The Corona-virus has spread across the globe, forcing millions of people into lockdown as health systems struggle to cope. And in the quarantine period, a musical innovator nicknamed "Pappy Grove" called Manu Dibango died from COVID-19 on March 24, 2020.
Dibango was the first international star who died at the age of 86 due to COVID-19. He was a Cameroonian singer and songwriter who spent six decades playing saxophone and vibraphone. He was, in reality, the creator of a musical style that fused jazz, funk, French chanson, salsa, and traditional Cameroonian music. He thus influenced a younger of our time generation of Afro-jazz artists.

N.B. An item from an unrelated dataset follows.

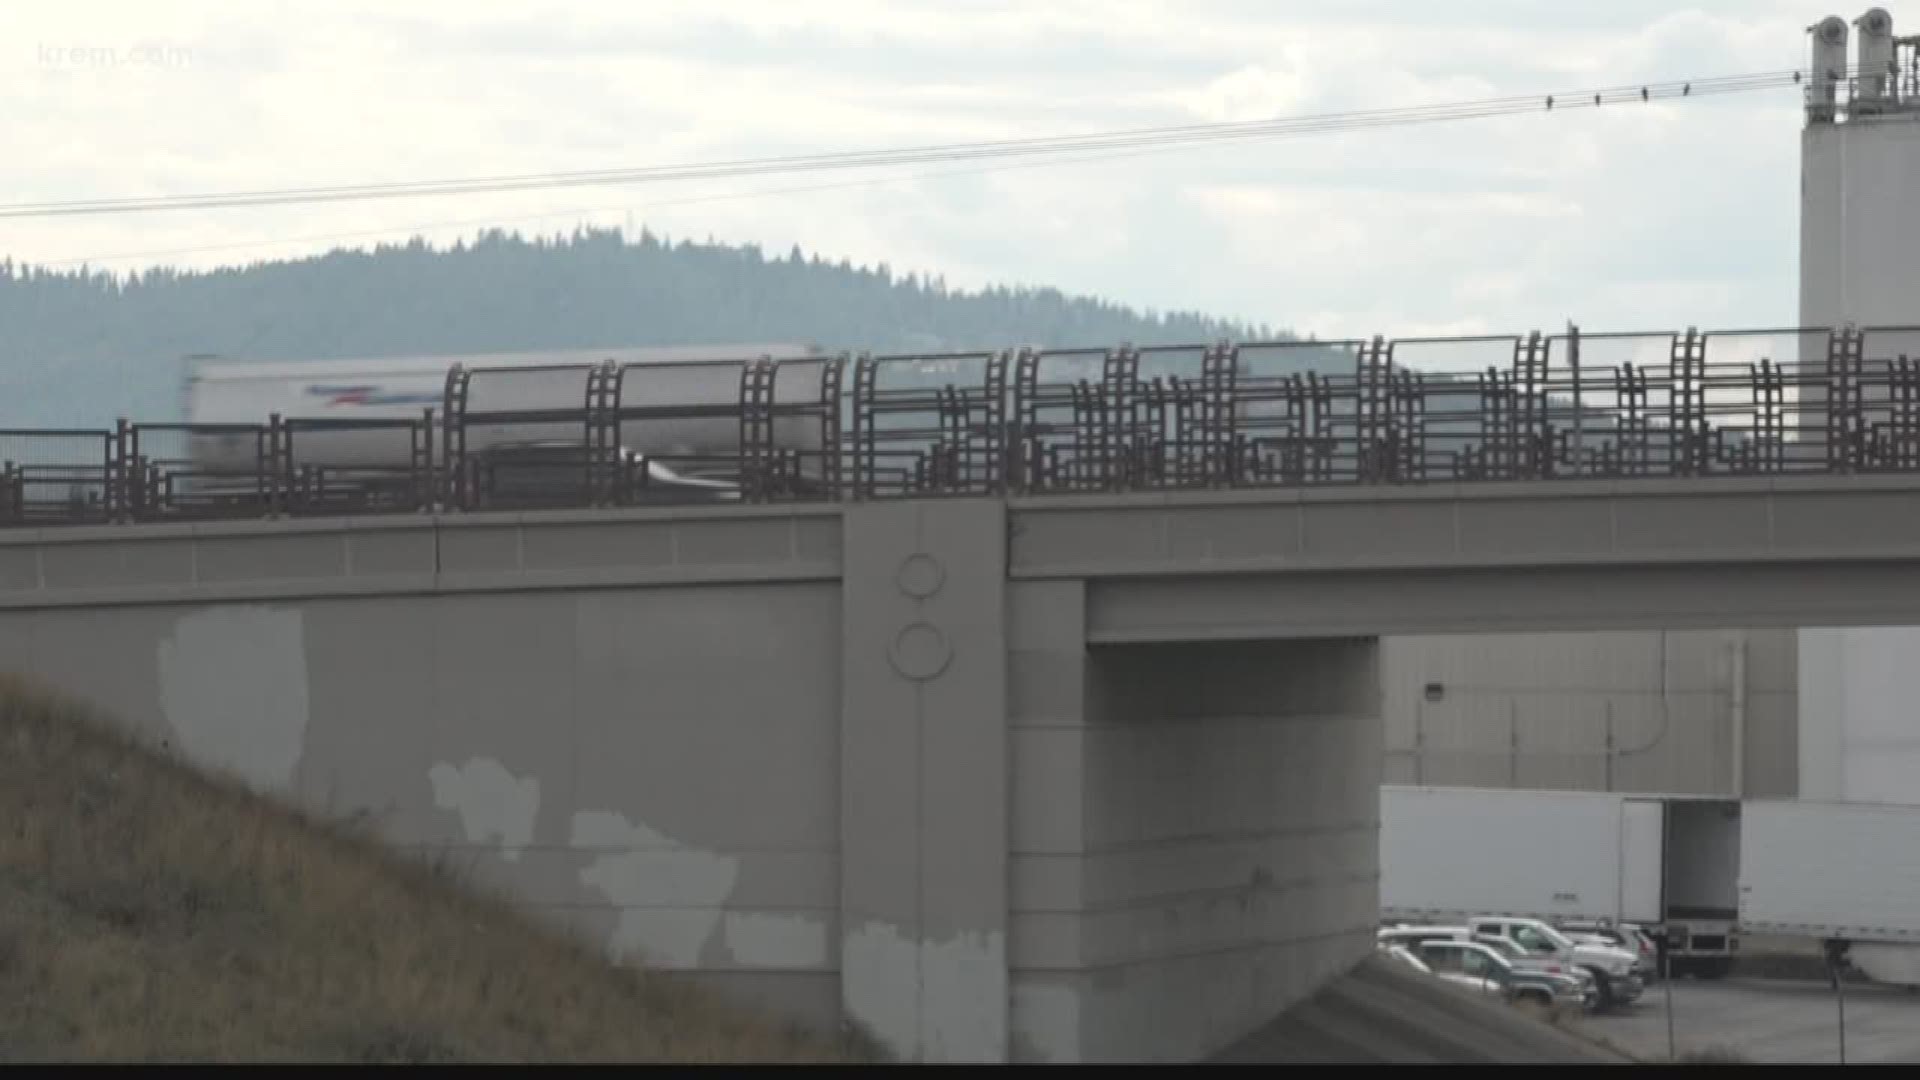 WSDOT still has a long way to go to connect the freeway to I-90, known as the North-South Corridor. KREM 2's Tim Pham updates us on the progress.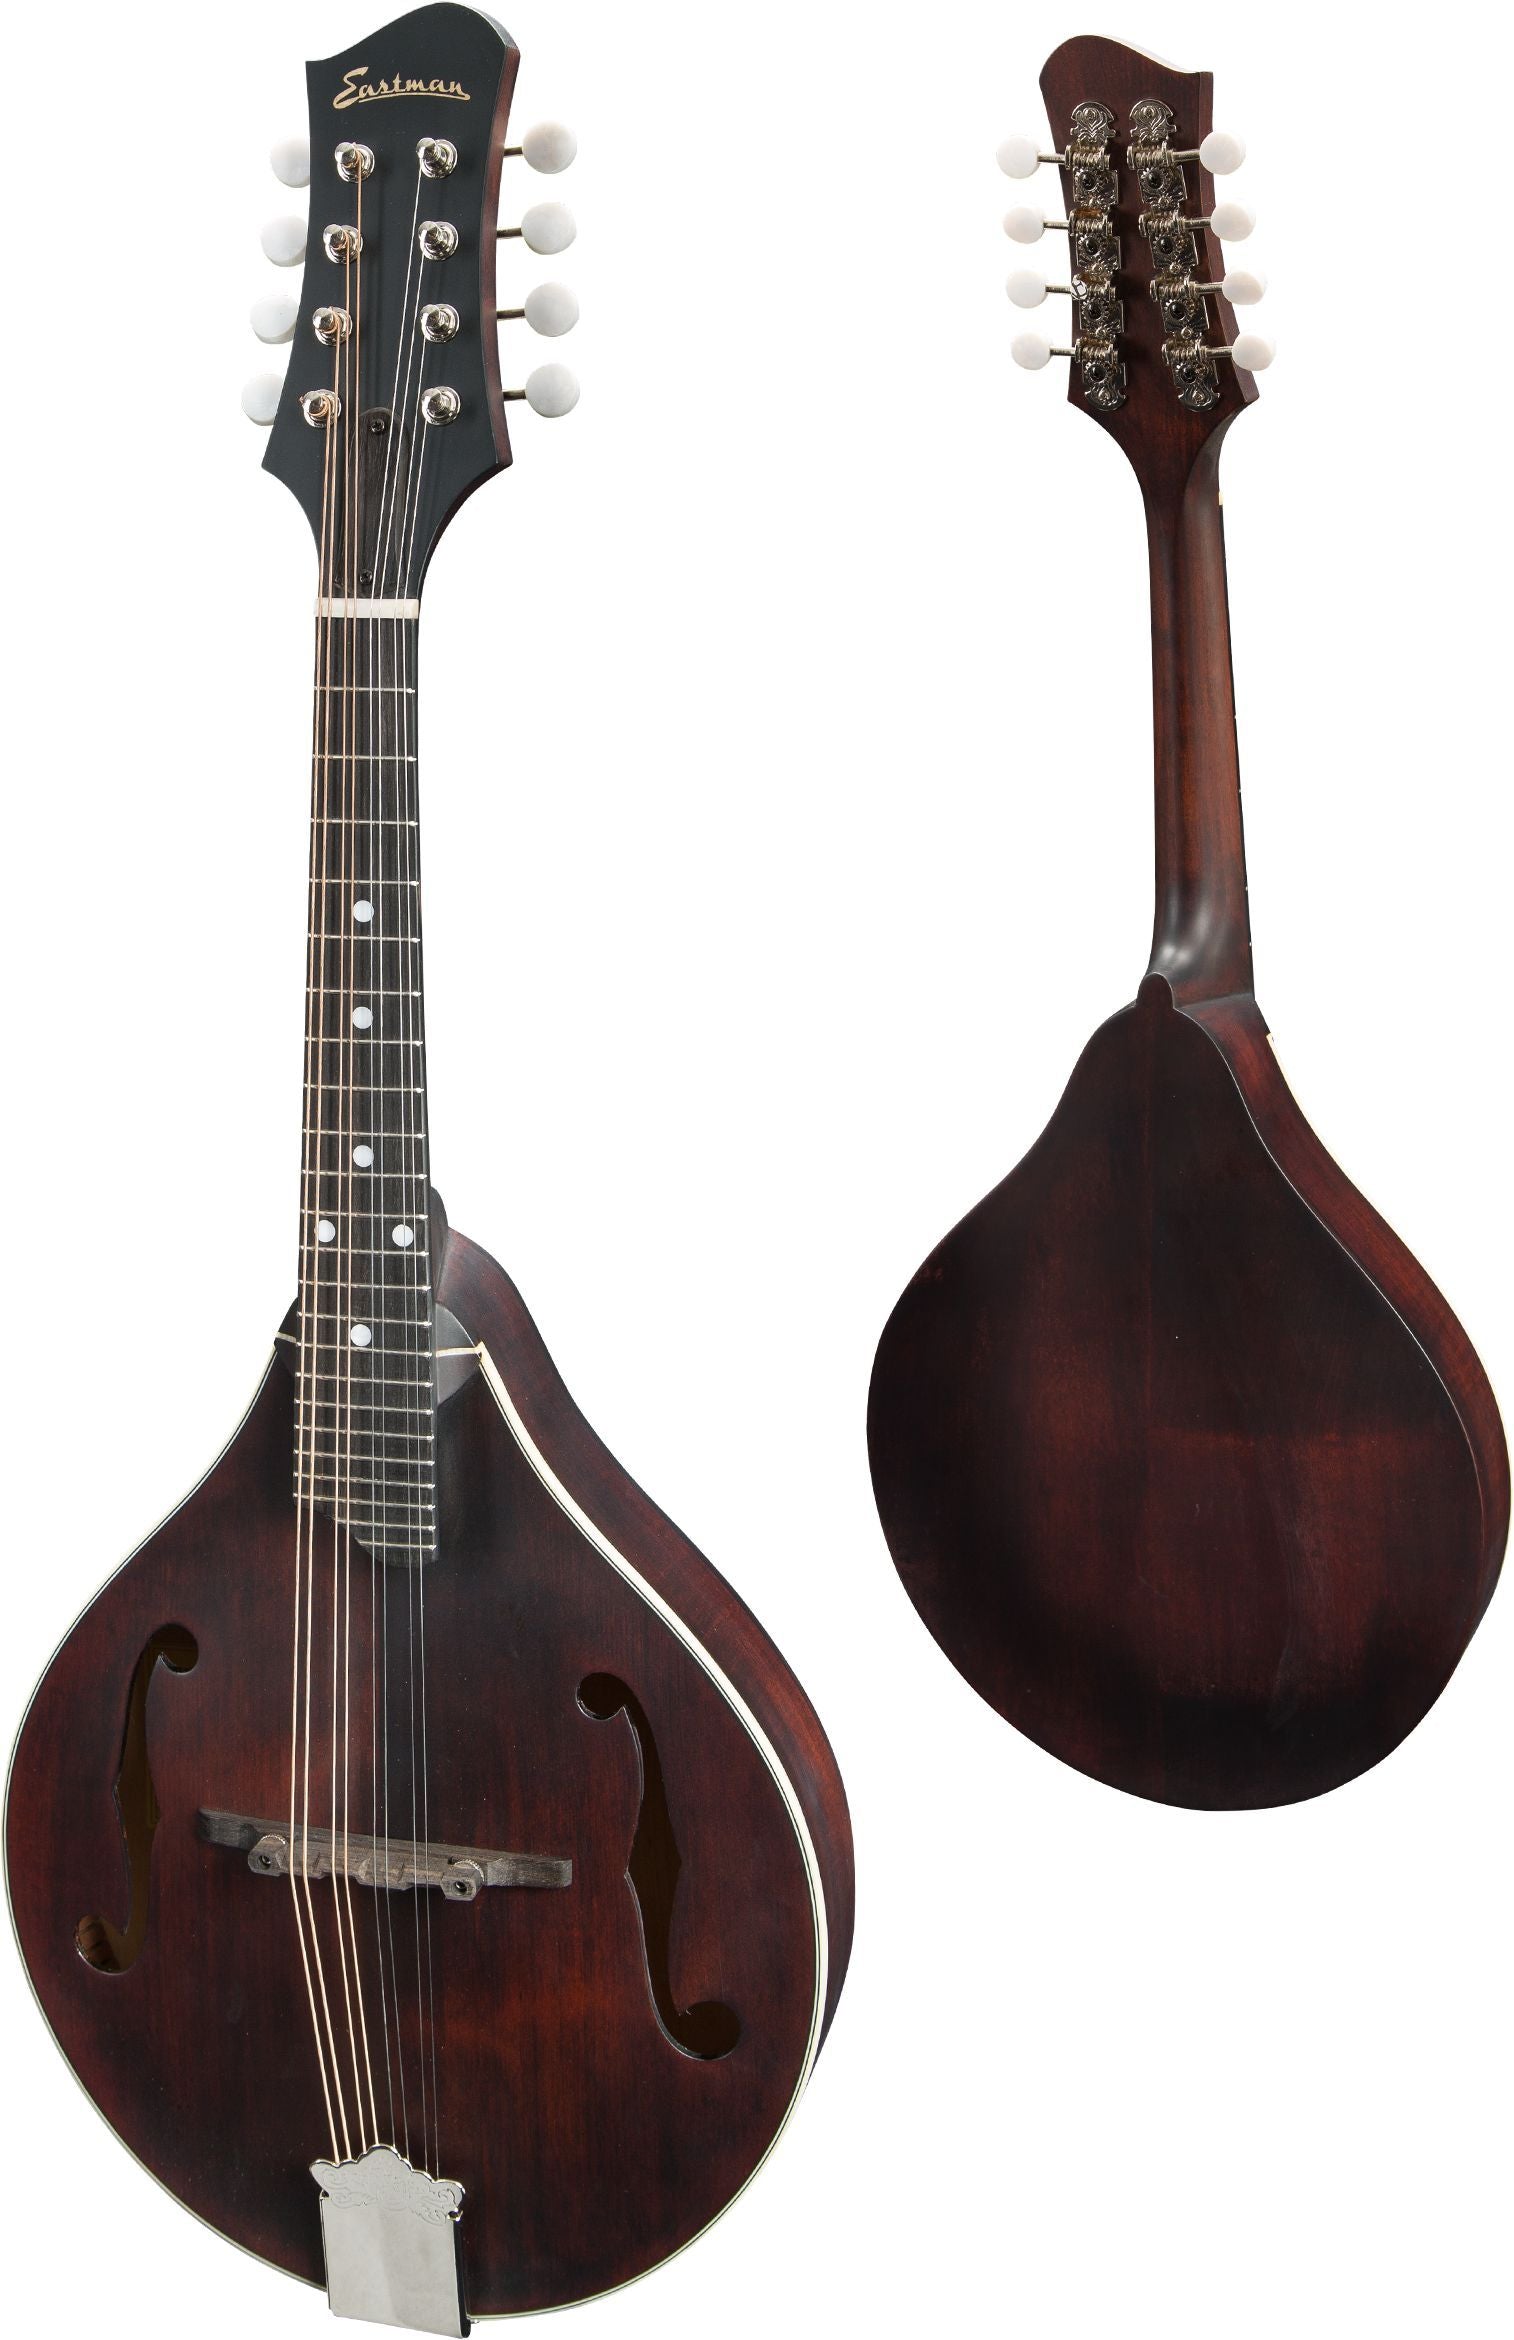 Eastman MD305 A-style Mandolin (F-holes, Solid Spruce top, Solid Maple back and sides, w/Gigbag) - EXCLISIVE Limited UK Price, Mandolin for sale at Richards Guitars.

Emmanuel N'Djoke Dibango was born on December 12, 1933, in the Cameroonian city of Douala. His late father Michel was a civil servant and his mother Douala was a dressmaker. So far, he holds Cameroonian citizenship and belongs to the Yabassi ethnicity.
Who was Manu Married Before Passing in 2020?
The Cameroonian saxophonist was happily married to his long term partner, Marie-Josee until his death. The unlucky couple had their first met in Brussels and have enjoyed their marital life for
Likewise, after some years of dating, Dibango and his wife, Marie tied the knot in 1957. But there is no much information regarding their marriage function on the media.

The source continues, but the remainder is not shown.